TASK DATA:
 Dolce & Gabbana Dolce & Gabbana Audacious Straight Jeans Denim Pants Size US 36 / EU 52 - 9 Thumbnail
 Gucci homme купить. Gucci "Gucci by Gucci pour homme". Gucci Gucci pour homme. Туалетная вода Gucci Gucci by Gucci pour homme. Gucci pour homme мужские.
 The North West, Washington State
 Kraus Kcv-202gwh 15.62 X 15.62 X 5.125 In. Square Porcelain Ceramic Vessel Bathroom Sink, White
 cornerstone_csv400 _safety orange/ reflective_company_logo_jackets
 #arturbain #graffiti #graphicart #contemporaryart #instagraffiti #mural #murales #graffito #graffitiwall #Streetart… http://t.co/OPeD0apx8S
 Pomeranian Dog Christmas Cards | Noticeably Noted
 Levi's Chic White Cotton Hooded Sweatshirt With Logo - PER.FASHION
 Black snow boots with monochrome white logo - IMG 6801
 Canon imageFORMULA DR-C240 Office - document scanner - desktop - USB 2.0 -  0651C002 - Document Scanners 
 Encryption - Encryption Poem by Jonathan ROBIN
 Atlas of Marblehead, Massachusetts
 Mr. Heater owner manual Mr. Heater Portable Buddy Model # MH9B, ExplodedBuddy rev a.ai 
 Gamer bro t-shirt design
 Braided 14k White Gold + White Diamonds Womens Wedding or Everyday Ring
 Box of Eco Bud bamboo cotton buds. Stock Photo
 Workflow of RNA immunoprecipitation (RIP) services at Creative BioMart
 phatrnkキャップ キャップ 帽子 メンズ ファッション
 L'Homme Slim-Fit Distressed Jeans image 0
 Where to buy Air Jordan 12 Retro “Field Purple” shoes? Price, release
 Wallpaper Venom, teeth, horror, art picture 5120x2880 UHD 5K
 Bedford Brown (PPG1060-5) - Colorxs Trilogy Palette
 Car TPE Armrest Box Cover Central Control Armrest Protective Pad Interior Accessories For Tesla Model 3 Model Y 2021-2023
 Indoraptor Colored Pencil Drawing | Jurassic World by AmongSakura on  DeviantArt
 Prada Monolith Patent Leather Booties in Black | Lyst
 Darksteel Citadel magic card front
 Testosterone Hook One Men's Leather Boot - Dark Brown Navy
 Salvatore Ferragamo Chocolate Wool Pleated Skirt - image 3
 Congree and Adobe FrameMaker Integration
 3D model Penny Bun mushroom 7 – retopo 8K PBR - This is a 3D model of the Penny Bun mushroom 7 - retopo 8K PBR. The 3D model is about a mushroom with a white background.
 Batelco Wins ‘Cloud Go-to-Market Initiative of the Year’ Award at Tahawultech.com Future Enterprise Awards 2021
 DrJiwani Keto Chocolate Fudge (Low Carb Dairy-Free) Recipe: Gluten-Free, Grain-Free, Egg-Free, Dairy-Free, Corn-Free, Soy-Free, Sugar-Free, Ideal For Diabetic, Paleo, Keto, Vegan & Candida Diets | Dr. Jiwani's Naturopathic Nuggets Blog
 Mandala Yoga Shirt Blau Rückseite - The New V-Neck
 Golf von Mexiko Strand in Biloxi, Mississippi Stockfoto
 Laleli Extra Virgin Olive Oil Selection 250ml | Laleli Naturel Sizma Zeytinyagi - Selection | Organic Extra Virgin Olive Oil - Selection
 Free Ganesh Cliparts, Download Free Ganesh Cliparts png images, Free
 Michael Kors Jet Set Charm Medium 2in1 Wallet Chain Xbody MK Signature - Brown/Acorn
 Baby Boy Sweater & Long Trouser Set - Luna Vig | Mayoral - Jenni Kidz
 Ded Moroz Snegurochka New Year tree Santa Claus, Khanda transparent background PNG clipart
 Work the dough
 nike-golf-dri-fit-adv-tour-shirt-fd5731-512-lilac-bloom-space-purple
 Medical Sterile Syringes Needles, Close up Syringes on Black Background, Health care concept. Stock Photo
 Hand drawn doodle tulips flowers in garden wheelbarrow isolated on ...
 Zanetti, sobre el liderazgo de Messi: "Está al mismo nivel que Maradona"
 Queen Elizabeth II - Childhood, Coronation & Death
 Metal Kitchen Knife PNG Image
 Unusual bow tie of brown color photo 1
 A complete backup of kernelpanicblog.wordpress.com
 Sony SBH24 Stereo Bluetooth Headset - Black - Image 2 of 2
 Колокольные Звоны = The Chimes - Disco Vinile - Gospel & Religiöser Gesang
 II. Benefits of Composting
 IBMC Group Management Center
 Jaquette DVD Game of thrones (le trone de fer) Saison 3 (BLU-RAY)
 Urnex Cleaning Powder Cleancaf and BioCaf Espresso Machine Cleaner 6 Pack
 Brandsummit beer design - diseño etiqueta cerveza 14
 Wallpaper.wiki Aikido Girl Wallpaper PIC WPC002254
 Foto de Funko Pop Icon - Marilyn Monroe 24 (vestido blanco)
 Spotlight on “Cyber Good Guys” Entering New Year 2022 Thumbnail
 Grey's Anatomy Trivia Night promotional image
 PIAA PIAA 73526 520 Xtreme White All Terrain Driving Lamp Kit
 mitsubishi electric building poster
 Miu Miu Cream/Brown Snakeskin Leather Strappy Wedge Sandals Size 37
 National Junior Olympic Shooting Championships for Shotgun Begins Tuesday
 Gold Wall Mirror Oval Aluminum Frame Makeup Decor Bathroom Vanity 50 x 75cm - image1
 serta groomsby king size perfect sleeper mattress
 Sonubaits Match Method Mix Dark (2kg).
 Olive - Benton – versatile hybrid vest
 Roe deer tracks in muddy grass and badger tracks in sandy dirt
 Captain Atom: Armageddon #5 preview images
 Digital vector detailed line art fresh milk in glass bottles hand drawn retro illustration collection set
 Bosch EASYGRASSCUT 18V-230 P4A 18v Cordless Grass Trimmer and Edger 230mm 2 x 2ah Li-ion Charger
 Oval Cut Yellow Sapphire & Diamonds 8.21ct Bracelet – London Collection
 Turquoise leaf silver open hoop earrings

ASSIGNMENT:
Identify every line above that includes the word "Bathroom", and show those lines.

TASK RESULT:
 Kraus Kcv-202gwh 15.62 X 15.62 X 5.125 In. Square Porcelain Ceramic Vessel Bathroom Sink, White
 Gold Wall Mirror Oval Aluminum Frame Makeup Decor Bathroom Vanity 50 x 75cm - image1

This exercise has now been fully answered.